AMD Ryzen 9 3900 Benchmarked: A 12 Core, 65 Watt Powerhouse

    0
    974

    Courtesy of AMD’s announcement of the PRO lineup of the 3rd Gen Ryzen 3000 processors, we’ve got an idea about the Ryzen 9 3900X’s younger non-X sibling. When compared to the Ryzen flagship, this processor has a far lower base TDP of 65W (105W for Ryzen 9 3900X) and runs at a base clock of 3.1 GHz and a boost frequency of 4.3 GHz. Judging by the price tag of $499 for the Ryzen 9 3900X, we can expect this CPU to be priced in the same range of 430 to 480 USD.

    The specifications for the unreleased Ryzen 9 3900 are pretty similar to the Ryzen 7 3700X except for the 4 additional cores and a beefy 70MB cache memory.

    AMD Ryzen 9 3900 Benchmarks

    Testbench

    • CPU: Ryzen 9 3900
    • Motherboard: ASRock X570 Taichi
    • Graphics card: RX 560X
    • Memory: Team Group A2 B-Die Memory
    • Storage: Team Group L5 3D (256GB)

    When the Ryzen 9 3900 was manually overclocked to 4.35 GHz for all the cores, a Cinebench R15 score of 3,420 was observed. To further overclock the CPU, Tom’s Hardware used liquid nitrogen to test the processor. This removes many variables that may be caused due to environmental factors and the quality of cooling devices used. With liquid nitrogen cooling and the clock speed pumped up to 5.5 GHz on all cores, the Ryzen 9 3900 scored 4,319 points on Cinebench R15. To put things in perspective, the base Ryzen 9 3900X scored 3,123 Cinebench R15 score and the Intel Core i9-9900K scored 2,026 in the same.

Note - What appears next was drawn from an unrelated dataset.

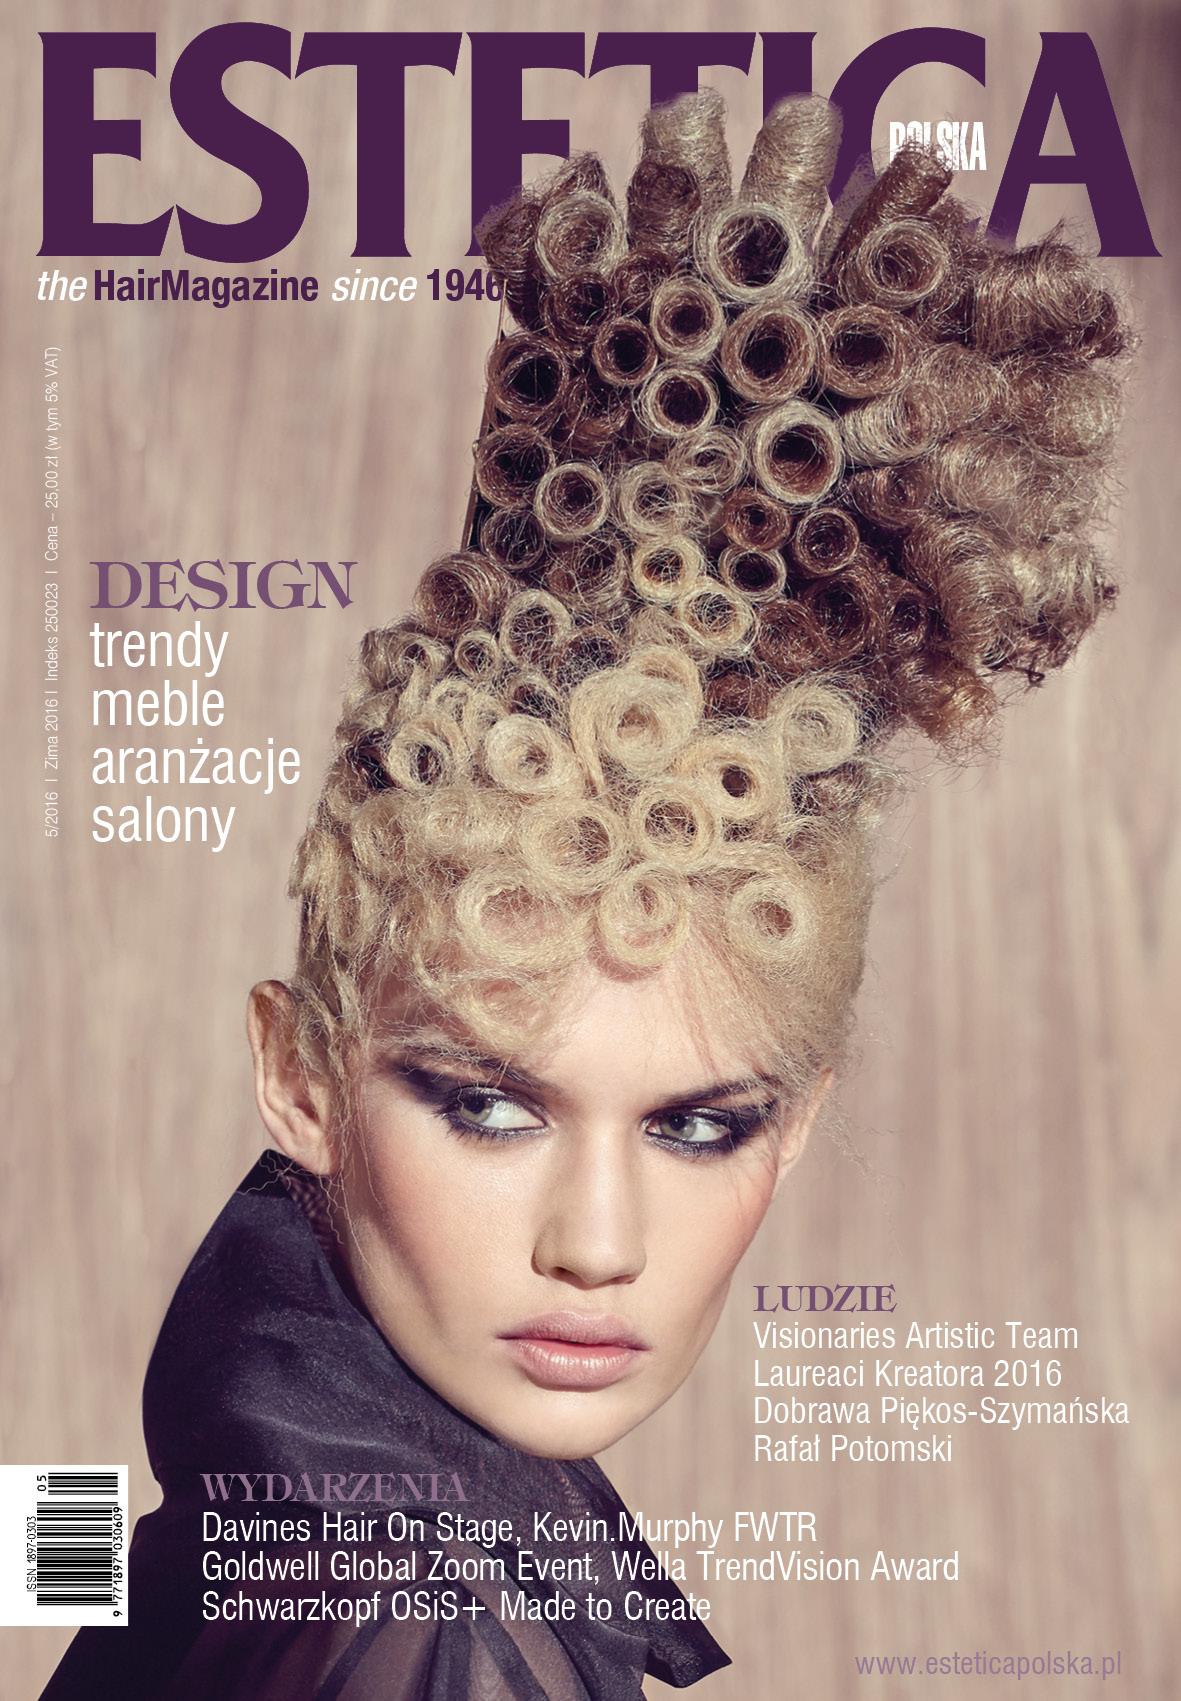 Estetica Polska 5/2016

    In Geekbench too, similar impressive results were observed. The Ryzen 9 3900 scored 6,924 for single-core and a massive 77106 for the multi-core benchmarks.

    We’re not completely sure why the 3900 was faster than the 3900X in Cinebench, but the most likely reason could be the thermals. The latter fails to reach advertised clocks under stock conditions due to power and temperature constraints, however, the 3900 comes with a lower TDP and hence better thermals and as such many samples should perform on par or better than the 3900X in multi-threaded workloads like Cinebench.